Hier soir, seul dans mon dortoir émanant une odeur de colle à tapis et d'armoires neuves prêts-à-monter, j'ai ( première fois que ça m'arrive en voyage) littéralement déballer mes couvertures (!)

Mon drap contour sortait tout juste du magasin de literie, et ma douillette pouffie portait encore les plissures de l'emballage.

Je peux dire maintenant qu'en Pologne, j'ai dormi dans une chambre démo de chez IKEA.

...



Quoiqu'à prime abord, Suwałki n'a pas les allures de fin du monde que j'avais en tête, il demeure que la ville ici a quelque chose d'étrange que je ne saurais nommer.

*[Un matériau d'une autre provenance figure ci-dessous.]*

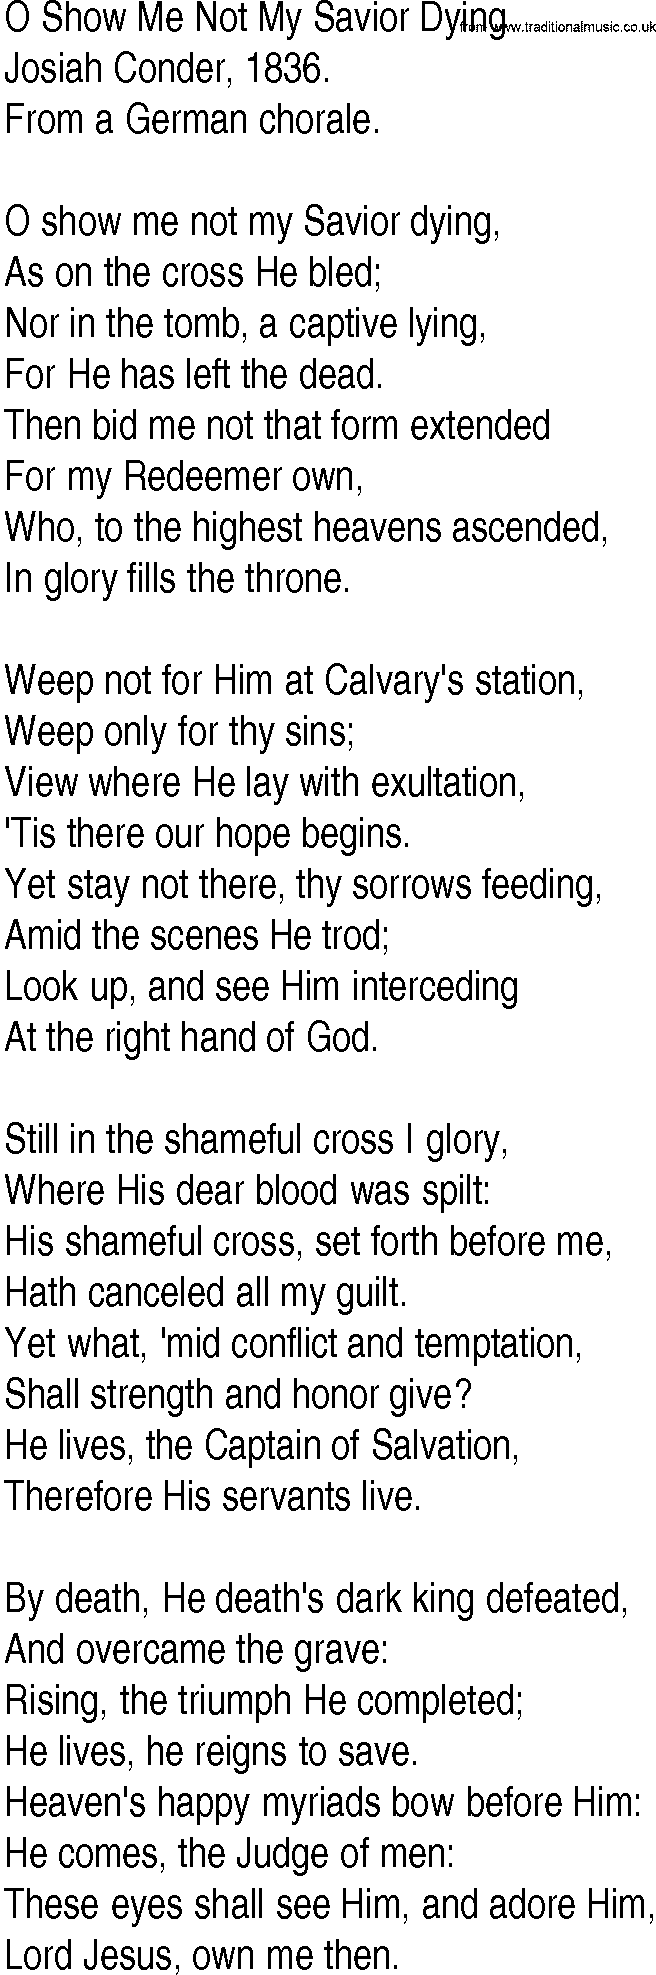 Hymn and Gospel Song: O Show Me Not My Savior Dying by Josiah Conder lyrics

Comme à Bialystok, les HLM communistes couleur pastel longent ici aussi les rues.

Il y a un parc central où les enfants s'amusent dans les jeux d'eau,

et puis un lac au cœur de la ville aussi où pataugent une poignée de canards insouciants.



On entend rire les enfants polonais ici, mais les adultes eux ne parlent presque pas.

Quand ils osent offrir quelques mots, ils le font d'une neutralité déconcertante, ventriloques, en ouvrant presque pas la bouche.



Il y a un silence presqu'angoissant à l'épicerie.

20 polonais s'achètent de la saucisse au comptoir des charcuteries.

Visages en cire. Sans expression. Pas un mot se dit.

Un enfant lance un rire dans les airs.

Il n'y a pas d'écho.

La vie retombe alors rapidement au statu quo.



"End of the world" que la serveuse à Bialystok disait.

Ouais, la fin du monde.

C'est peut-être de ça qu'elle parlait finalement.

...



Le grand soleil finit par se calmer entre les nuages mousseux de l'été du bout de la terre.

J'entre au hasard dans un restaurant, sur une rue passante de Suwałki.

La ville ici n'est pas particulièrement touristique.

J'ai l'impression d'être à un gros Magog en fait.



Je pose mon derrière de voyageur à une table de bois vernis, devant un écran plasma où chante Jay-Z pour combler les silences.

Je me pointe des pierogies (dumpling) épinard-féta dans le menu.

Mon assiette arrive: ce sont des pierogies bacon-patate.



C'est en coupant l'un d'eux, en plein milieu, comme à la dérive des continents

que l'idée m'est venu: et si je mettais les pieds de l'autre côté du bout du monde?

Et si j'allais faire un tour en Lituanie?



Etienne X



Note à Moi-Même:

Les très vieux monsieur aiment parler de la guerre en polonais.